Binbusayyis Adel, Vaiyapuri Thavavel
College of Computer Science and Engineering, Prince Sattam bin Abdulaziz University, AlKharj, Saudi Arabia.
Heliyon. 2020 Jul 9;6(7):e04262. doi: 10.1016/j.heliyon.2020.e04262. eCollection 2020 Jul.
The revolutionary advances in network technologies have spearheaded the design of advanced cyberattacks to surpass traditional security defense with dreadful consequences. Recently, Intrusion Detection System (IDS) is considered as a pivotal element in network security infrastructures to achieve solid line of protection against cyberattacks. The prime challenges presented to IDS are curse of high dimensionality and class imbalance that tends to increase the detection time and degrade the efficiency of IDS. As a result, feature selection plays an important role in enabling to identify the most significant features for intrusion detection.
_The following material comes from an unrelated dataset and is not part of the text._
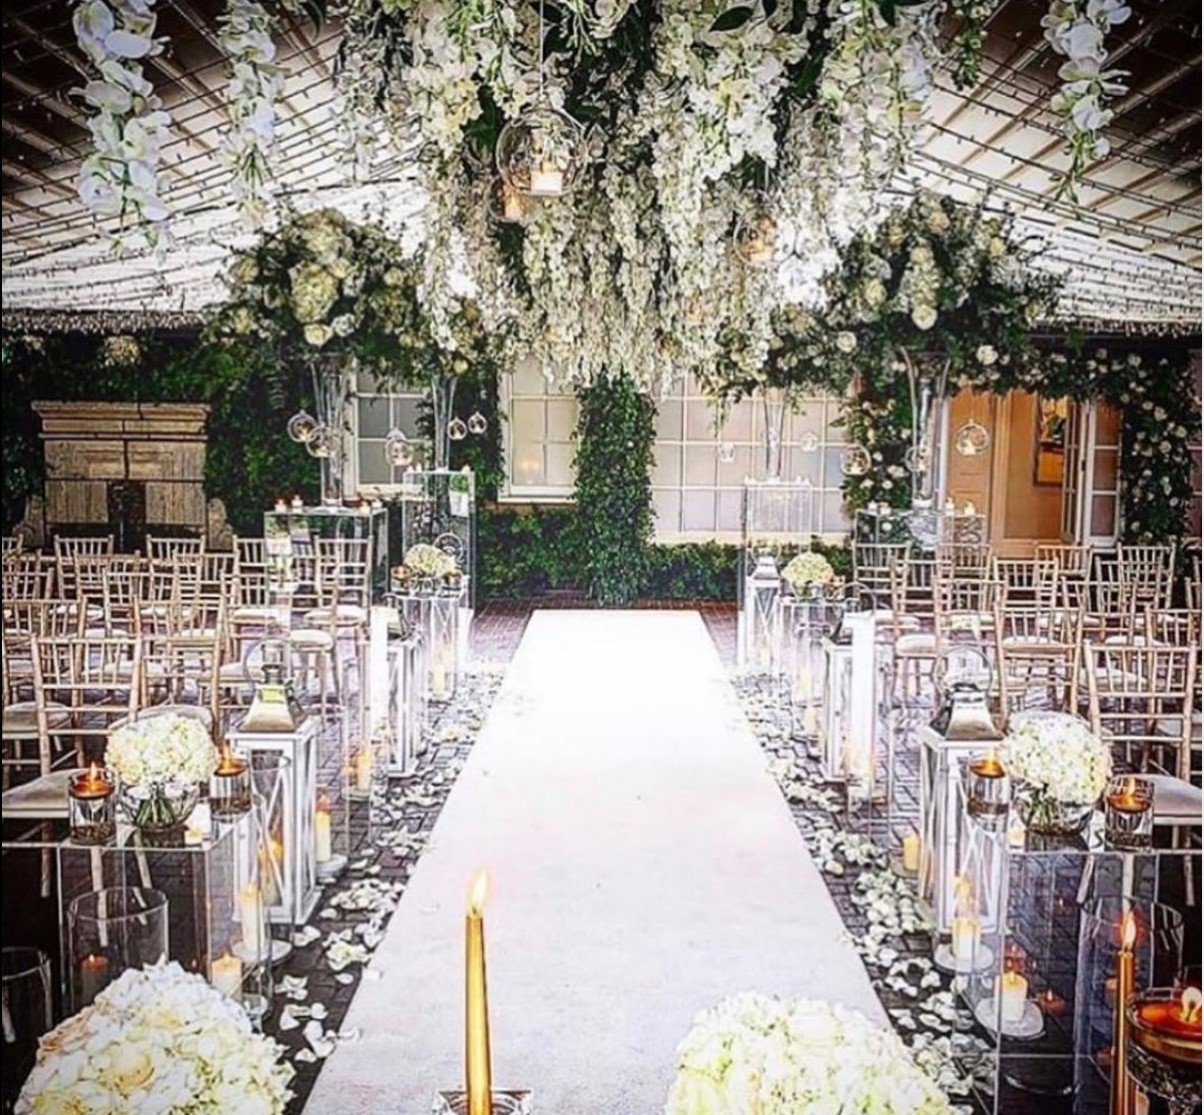 Dale Alexander Weddings & Events - UK luxury wedding planner - international wedding planner - unconventional wedding - wedding supplier directory - luxury wedding styling

Although, several feature evaluation measures are being proposed for feature selection in literature, there is no consensus on which measures are best for intrusion detection. Therein, this work aims at recommending the most appropriate feature evaluation measure for building an efficient IDS. In this direction, four filter-based feature evaluation measures that stem from different theories such as Consistency, Correlation, Information and Distance are investigated for their potential implications in enhancing the detection ability of IDS model for different classes of attacks. Along with this, the influence of the selected features on classification accuracy of an IDS model is analyzed using four different categories of classifiers namely, K-nearest neighbors (KNN), Random Forest (RF), Support Vector Machine (SVM) and Deep Belief Network (DBN). Finally, a two-step statistical significance test is conducted on the experimental results to determine which feature evaluation measure contributes statistically significant difference in IDS performance. All the experimental comparisons are performed on two benchmark intrusion detection datasets, NSL-KDD and UNSW-NB15. In these experiments, consistency measure has best influenced the IDS model in improving the detection ability with regard to detection rate (DR), false alarm rate (FAR), kappa statistics (KS) and identifying the most significant features for intrusion detection. Also, from the analysis results, it is revealed that RF is the ideal classifier to be used in conjunction with any of these four feature evaluation measures to achieve better detection accuracy than others. From the statistical results, we recommend the use of consistency measure for designing an efficient IDS in terms of DR and FAR.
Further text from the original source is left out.